= Mass media in Belarus =

The mass media in Belarus consists of TV, radio, newspapers, magazines, cinema, and Internet-based websites/portals. The media is monopolized by the government, which owns all TV channels, most of the radio and print media. Broadcasting is mostly in Russian, and Russian media are widely present. After 2020, all independent media were pushed out of the country. The Law on Mass Media has been repeatedly amended and tightened, making it virtually impossible for independent journalists and publications to operate. European, Ukrainian and news websites were blocked in Belarus. The Constitution of Belarus guarantees freedom of speech, but this is contradicted in practice by repressive and restrictive laws. Arbitrary detention, arrests, and harassment of journalists are frequent in Belarus. Anti-extremism legislation targets independent journalism, including material considered unfavourable to the president. As of 2024, Belarus ranks 167th in the World Press Freedom Index. BBC describes the Belarusian media environment as one of the most repressive in Europe.

==Legislative framework and regulatory authorities==

Unlike other post-Soviet states after the dissolution of the Soviet Union in the early 1990s, Belarus preserved state control and ownership over most national media.

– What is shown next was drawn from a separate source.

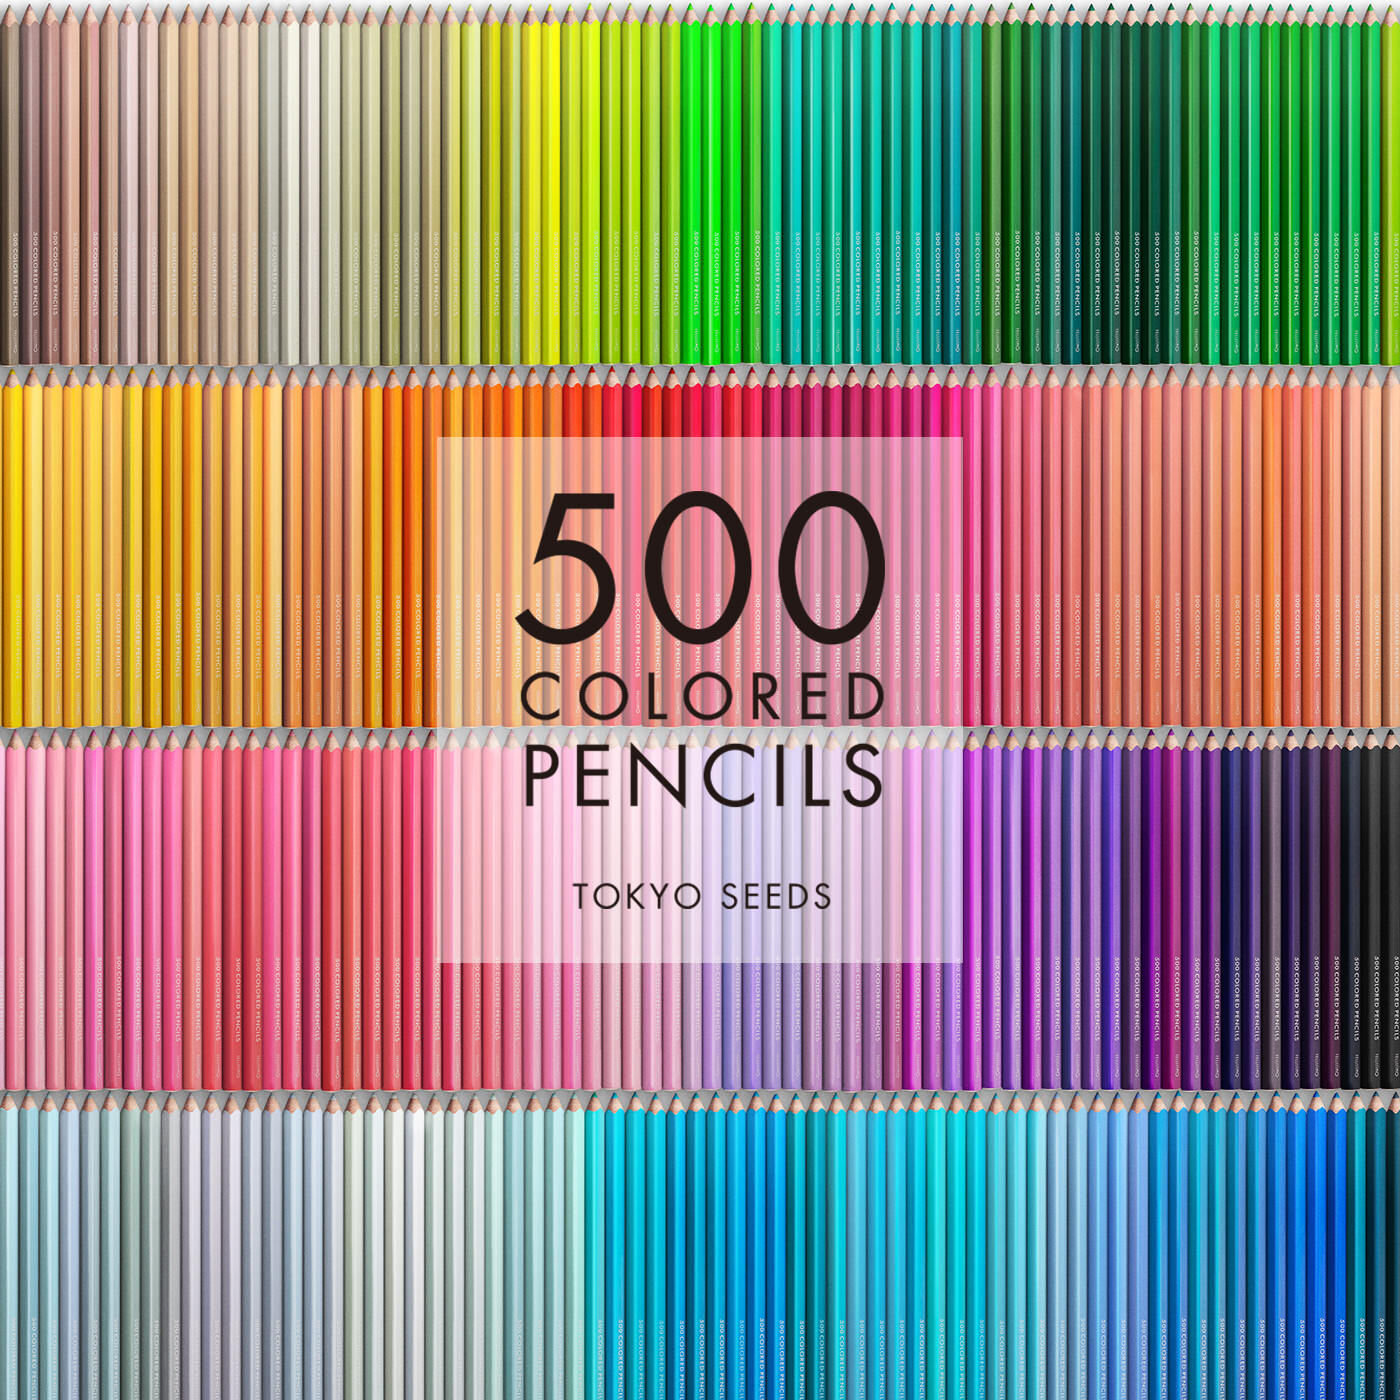 Real Stock|【259/500 RAIN DROP】500色の色えんぴつ TOKYO SEEDS|1992年、世界初の「500色」という膨大な色数の色えんぴつが誕生して以来、その販売数は発売当初から合わせると、世界55ヵ国10万セット以上。今回、メイド・イン・ジャパンにこだわり、すべてが新しく生まれ変わって登場しました。

De jure, the constitution of Belarus guarantees the rights of citizens to freedom of speech, prohibits censorship and monopolization of mass media. De facto, any criticism of president Lukashenko and his government is considered a criminal offense, the country is in a state of ‘legal default’, bureaucracy uses politicized court rulings to oppress independent media and any voices except ones that are completely loyal to the regime. No special laws require transparency in media ownership, and there are no legal guarantees of public access to government records.

Back in 2008 the government approved a Law on Mass Media that secured state control over media and made the Ministry of Information of Belarus (MIB) its main regulator.

Since 2009, all media outlets (including websites) must register to avoid being blocked. On 5 January 2015, the Law of the Republic of Belarus made all information published on the Internet be subject to the Criminal Code. Further amendments to the Mass Media Law adopted in June 2018 introduced tighter accreditation rules, allowed an extrajudicial shutting down online and social media, made website owners legally responsible for the content of their comments sections and obliged them to provide the technical possibility to identify the authors of these comments. Though unregistered web media were obliged to fulfill the obligations for the registered media, they were deprived of corresponding rights such as the right to journalist accreditation and a right to keep their sources in secret. For many years, strict accreditation rules and denials have been one of the authorities' tools to keep independent media out of public and official events, impose fines and ensure that only publications loyal to the government cover events.

2021 became the record year regarding law amendments aimed to control and repress the media market and its employees. Among the rest, MIB was allowed to shut down media outlets without court decision, news media were banned from live reporting on unauthorized mass gatherings, and results of opinion polls that weren't approved by the government were prohibited to publish. Any person or news organization was barred from opening a new media outlet within five years of authorities’ closing any of its other affiliated outlets.

A new set of restrictive amendments to the Law on Mass Media was adopted in 2023. It allowed authorities to ban foreign media outlets from unfriendly countries, specified the functioning of news aggregators and the legal status of their owners, expanded the list of grounds for cancelling a certificate of State registration of a mass media outlet and restricting access to an Internet resource.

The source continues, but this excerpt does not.